Gingles All The Way

Recently, I was speaking to a group of law students, and one asked who my favorite writer was on the Supreme Court. I quickly replied, the Chief Justice. Then I paused, and added a caveat–when he is dissent, because you know he actually believes what he is writing. Roberts is, without question, a brilliant lawyer. But so much of his jurisprudence is motivated by extra-legal concerns. Institutionalism. Legitimacy. Virtue signaling. Long game. And so on. I am skeptical whenever I read anything signed by the Chief.

Did John Roberts actually believe what he wrote in Allen v.

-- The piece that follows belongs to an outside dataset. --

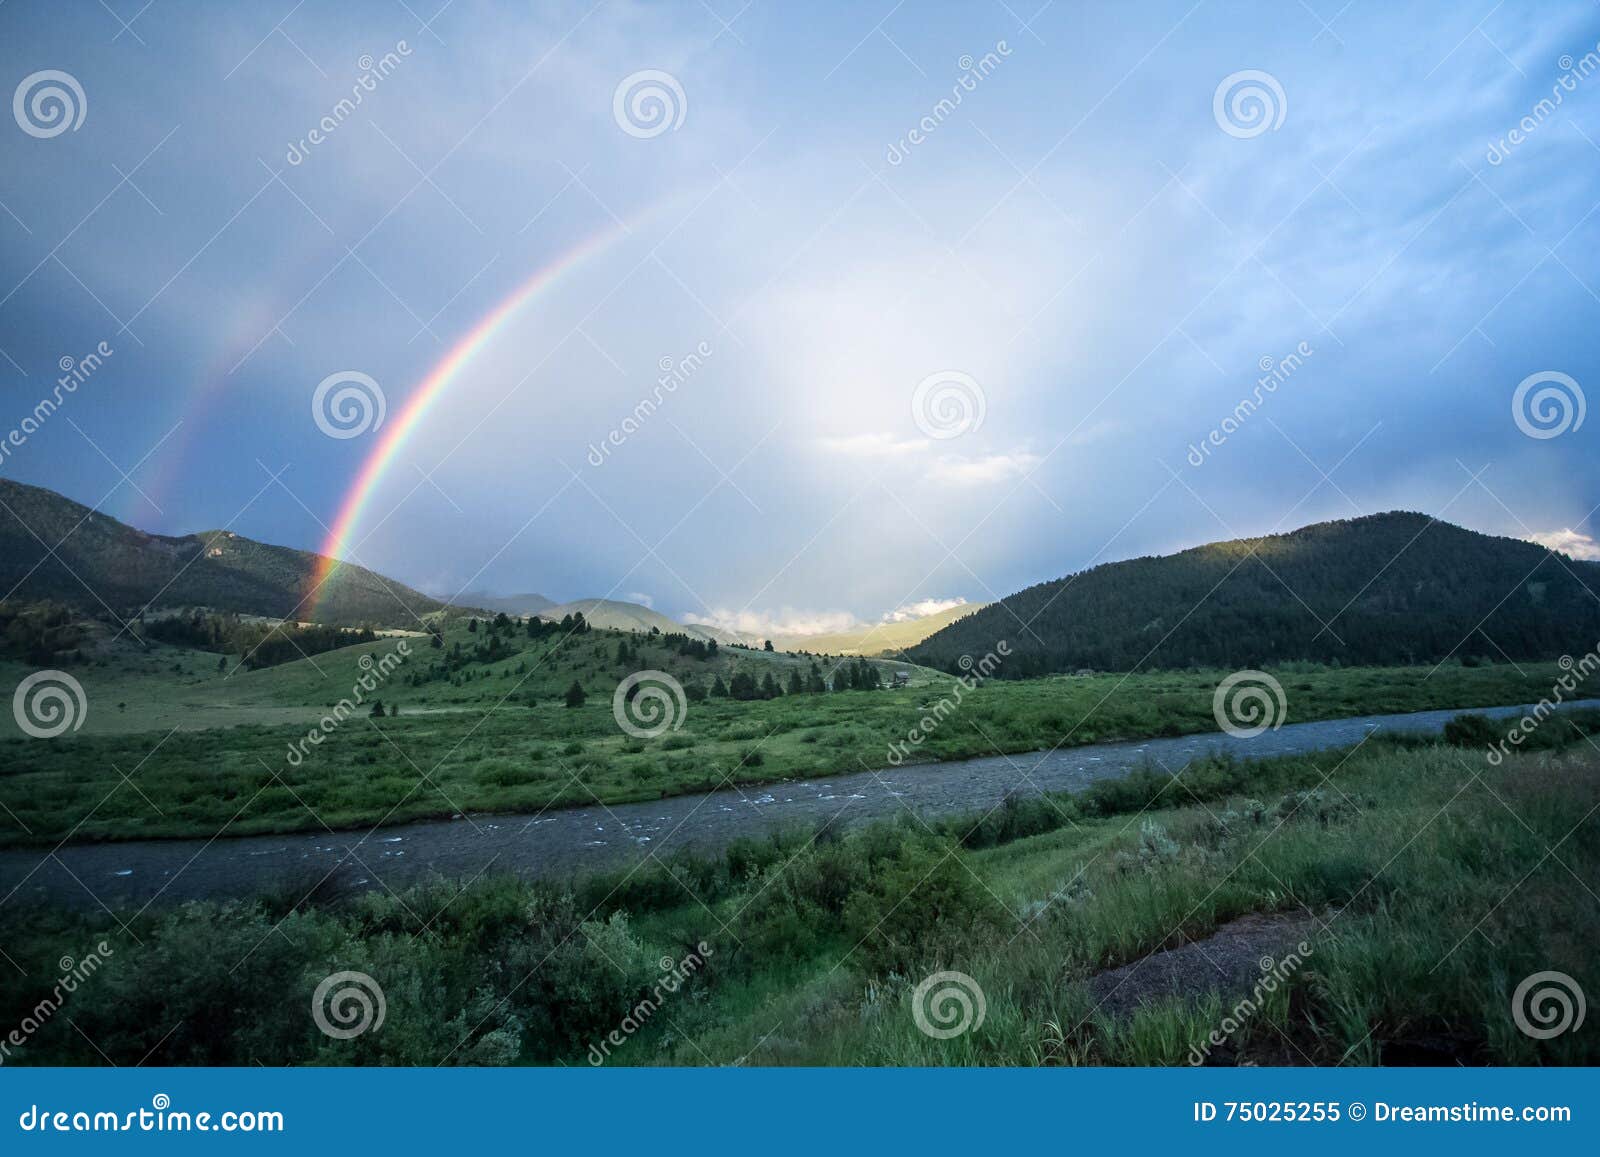 double rainbow over gallatin river, montana

Milligan? On the one hand, the majority opinion has all of the ingredients for a John Roberts blue plate special: (i) Roberts votes with the left, (ii) achieves a result liberals like, (iii) promotes stare decisis of decisions liberals like, and (iv) brings along a conservative for the ride. When the Chief touches all four bases, the specifics of his opinion are less important. But, on the other hand, in Allen, Roberts did not just go through the motions. His opinion was rigorous, thorough, and avoided any weak wiggle words. He seems firmly committed to the what he called the “delicate legislative bargain” of 1982–even if it is one he vigorously fought as a wunderkind in the Reagan administration. Plus, he can rely on Thornburg v. Gingles, a four-decade-old precedent, that “effectuates the delicate legislative bargain” of 1982. And Congress has not attempted to disturb the Gingles test in the prior four decades. We continue to be governed by the dead hand of William Brennan.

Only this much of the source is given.